You should be able to recreate the bug if you run the following 2 commands:

1. Create a host via the API to a hostgroup that does not exist
   curl -k -u user:password -X PUT 'https://localhost:5665/v1/objects/hosts/hostname1' -H 'Content-Type: application/json' -H 'Accept: application/json' -d '{"attrs":{"groups":["NoGroup"],"display_name":"hostname1","vars":{"host_name":"hostname1"}}, "templates":["generic-host"]}'

{"results":[{"code":500,"errors":["Error: Validation failed for object 'hostname1' of type 'Host'; Attribute 'groups': Object 'NoGroup' of type 'HostGroup' does not exist.\nLocation: in /var/lib/icinga2/api/packages/_api/e55a066a-19ab-4f1a-aa62-b2304fb5d858/conf.d/hosts/hostname1.conf: 5:2-5:23"],"status":"Object could not be

2. Create a service on the host above hostname1 even though it is not in icinga2
   curl -k -u user:password -X PUT 'https://localhost:5665/v1/objects/services/hostname1!ssh' -H 'Content-Type: application/json' -H 'Accept: application/json' -d '{"templates":["generic-service"],"attrs":{"check_command":"ssh","display_name":"SSH"}}'
   curl: (56) OpenSSL SSL_read: error:0A000126:SSL routines::unexpected eof while reading, errno 0

The service file is created in icinga2 even though host does not exist. This causes the icinga2 service to fail.

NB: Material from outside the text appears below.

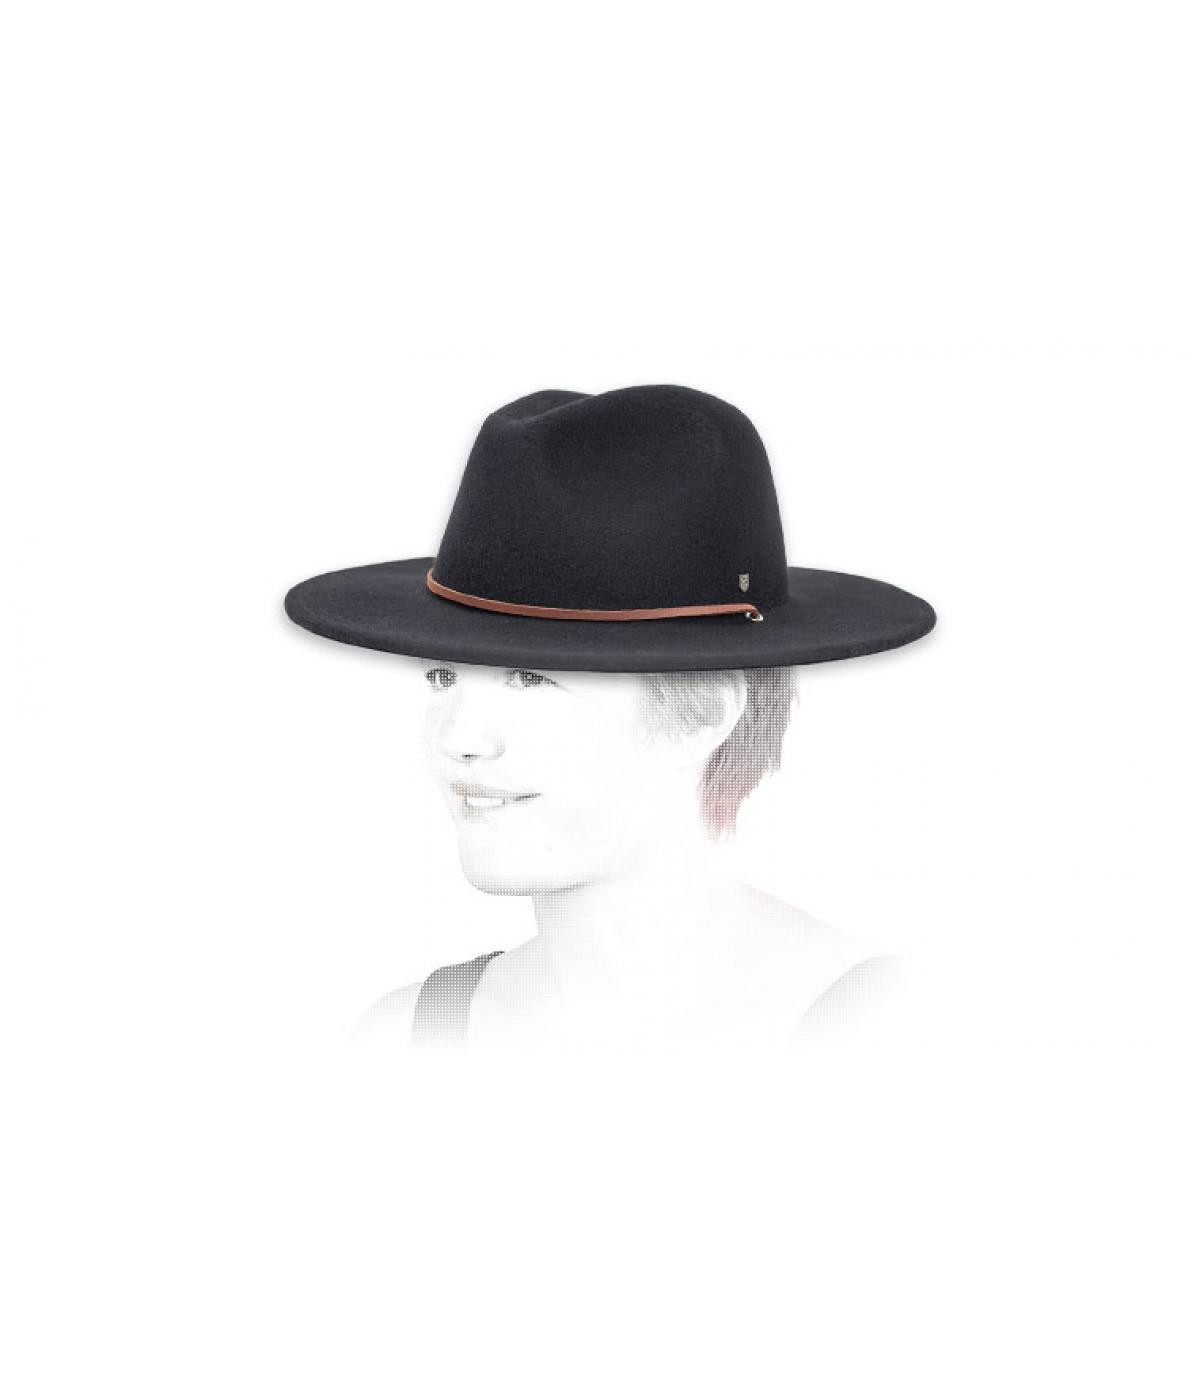 Zwarte fedora hoed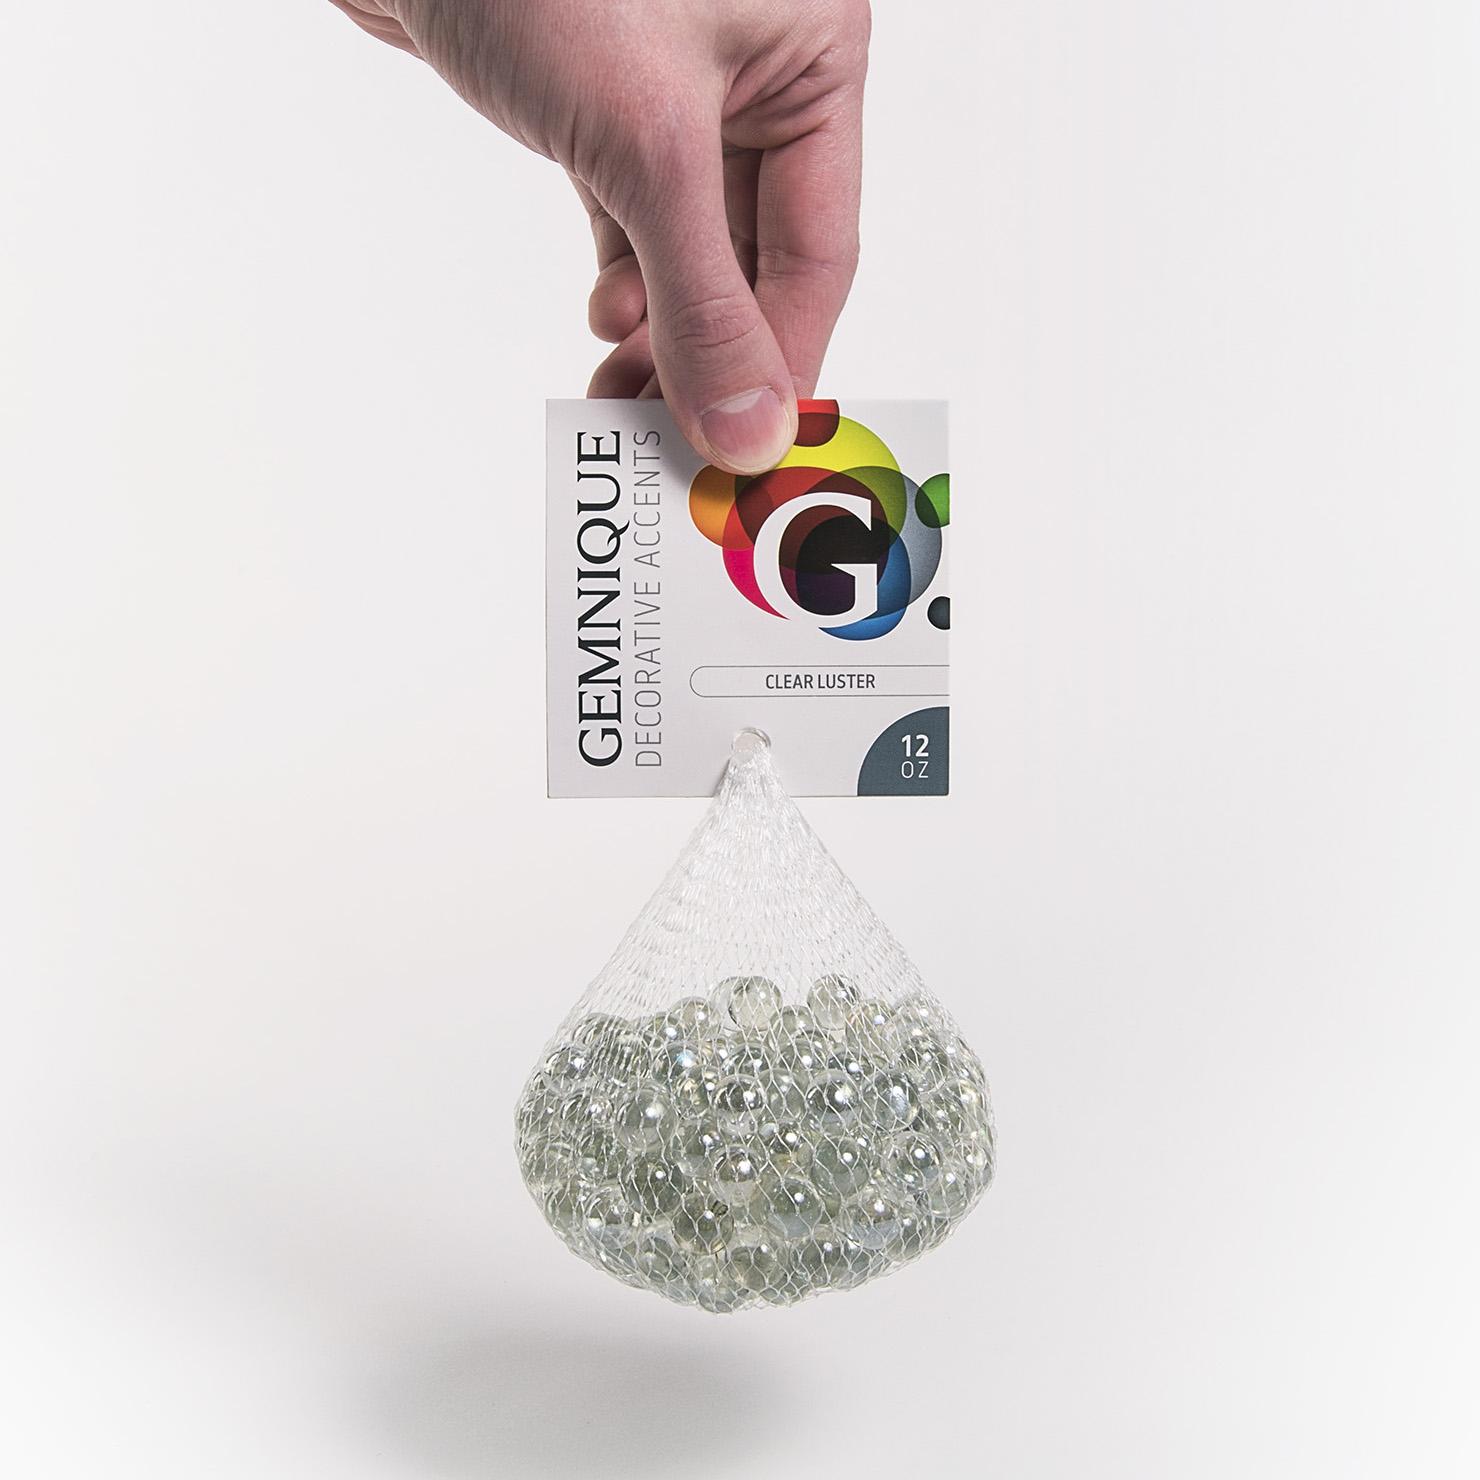 Gemnique-Packaging-2

[development] /var/lib/icinga2/api/packages/_api/e55a066a-19ab-4f1a-aa62-b2304fb5d858/conf.d/services # ls
'hostname1!ssh.conf'

[yhabteab]

The service file is created in icinga2 even though host does not exist. This causes the icinga2 service to fail.

[development] /var/lib/icinga2/api/packages/_api/e55a066a-19ab-4f1a-aa62-b2304fb5d858/conf.d/services # ls 'hostname1!ssh.conf

The config in that file should have something like object Service "ssh" ignore_on_error { which tells the Icinga 2 service not to fail/crash if the object could not be loaded/created successfully, and that file will be removed the next time the Icinga 2 service is reloaded/restarted. So, if your Icinga 2 service fails to start, it is definitely not due to this misconfigured config/file and it would also be helpful if you would share the errors you received when starting Icinga 2 instead of just saying This causes the Icinga 2 service to fail.

[yhabteab]

No reaction from OP, so I'm closing it!